Transforming growth factor-β1-regulated Fas/FasL pathway activation suppresses nucleus pulposus cell apoptosis in an inflammatory environment

During disc degeneration, inflammatory cytokine tumor necrosis factor (TNF)-α is correlated with nucleus pulposus (NP) cell apoptosis. Transforming growth factor (TGF)-β1 has the potential to regenerate degenerative disc.

TGF-β1 helps to inhibit TNF-α-induced NP cell apoptosis and the Fas/FasL pathway may be involved in this process. The present study suggests that TGF-β1 may be effective to retard inflammation-mediated disc degeneration.
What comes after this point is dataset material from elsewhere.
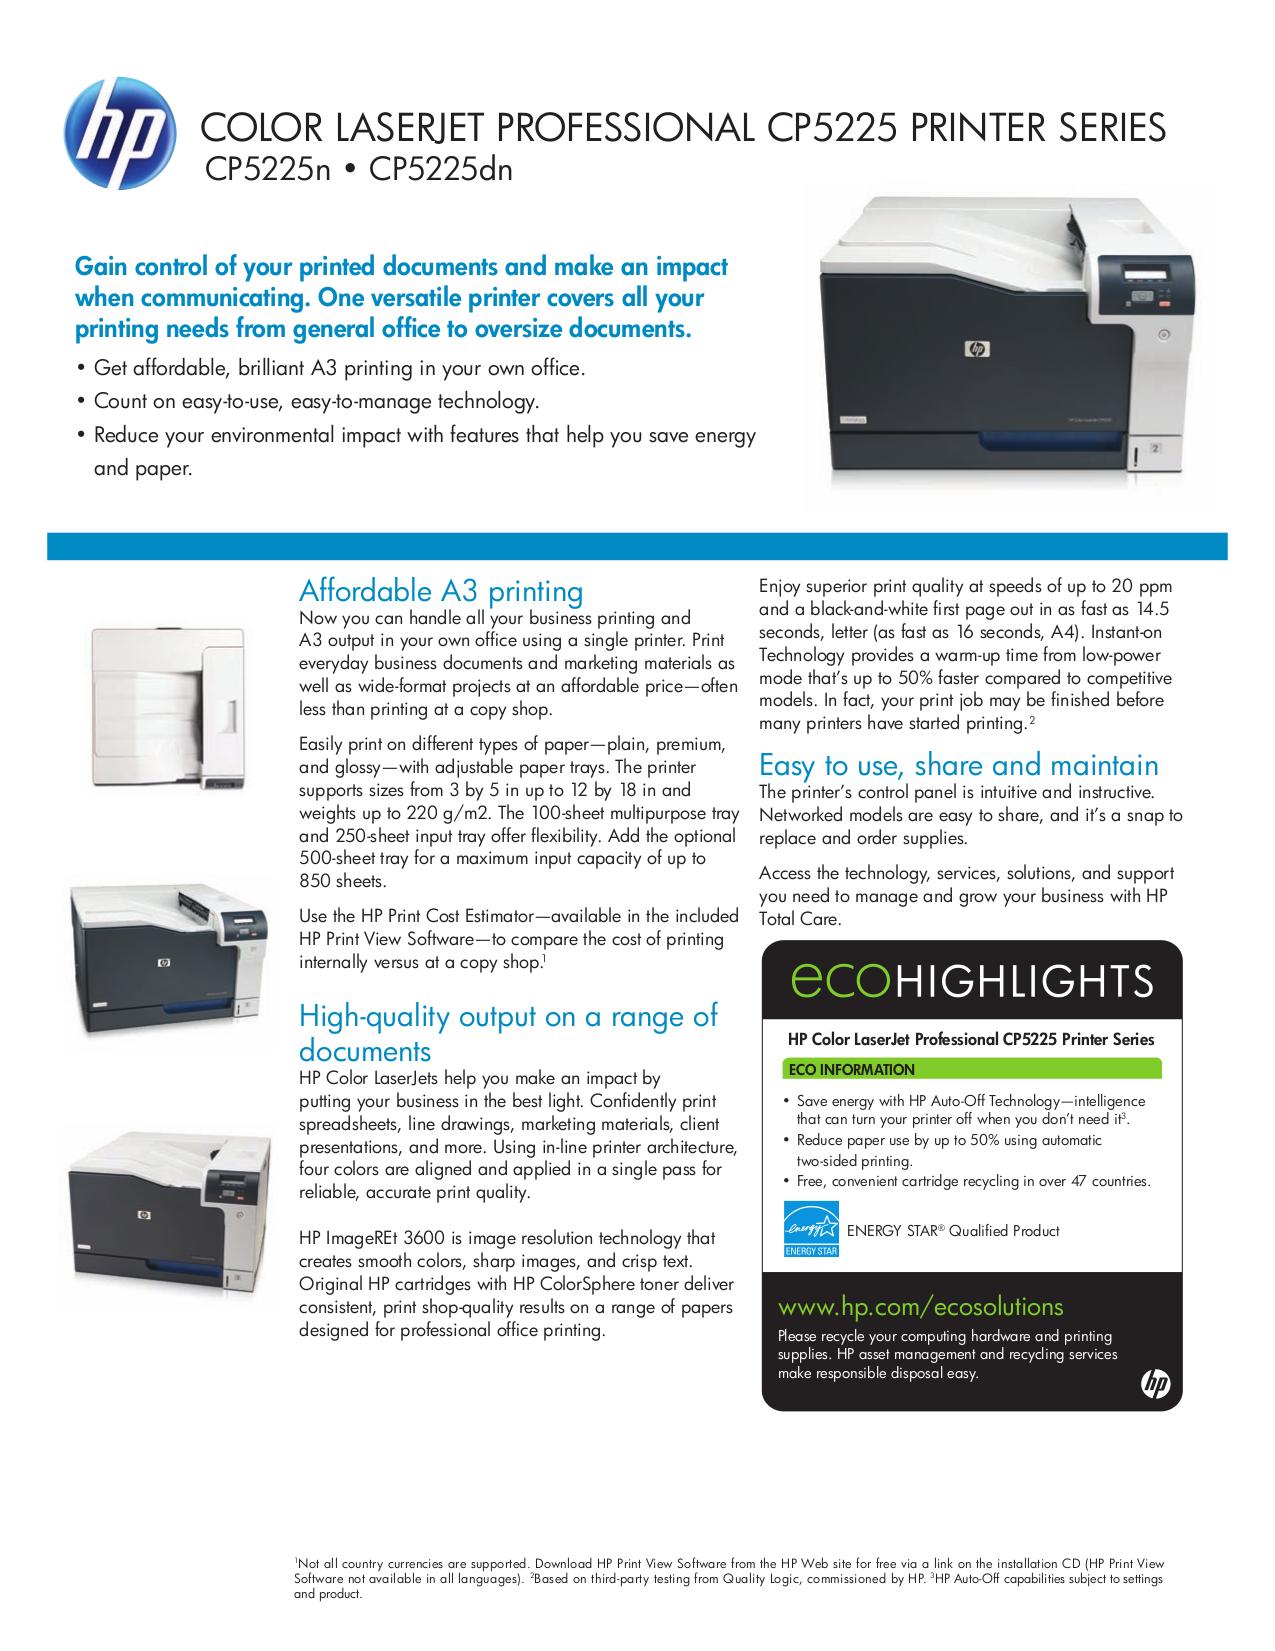 download free pdf for hp laserjet color laserjet pro cp5225n printer rh umlib com HP 3800 Printer HP 1525 Printer

Rat NP cells were treated with TNF-α (100 ng/ml) for 48 h. TGF-β1 was added into the culture medium to investigate its protective effects against TNF-α-induced NP cell apoptosis. Exogenous FasL was used to investigate the potential role of the Fas/FasL pathway in this process. Flow cytometry assay was used to analyze NP cell apoptosis. Real-time PCR and Western blotting were used to analyze gene and protein expression of apoptosis-related molecules.

To investigate the protective role of TGF-β1 against TNF-α-mediated NP cell apoptosis and the underlying mechanism.

In TNF-α-treated NP cells, TGF-β1 significantly decreased NP cell apoptosis, declined caspase-3 and -8 activity, and decreased expression of Bax and caspase-3 (cleaved-caspase-3) but increased expression of Bcl-2. However, exogenous FasL partly reversed these effects of TGF-β1 in NP cells treated with TNF-α. Additionally, expression of Fas and FasL in TNF-α-treated NP cells partly decreased by TGF-β1, whereas exogenous FasL increased expression of Fas and FasL in NP cells treated with TGF-β1 and TNF-α.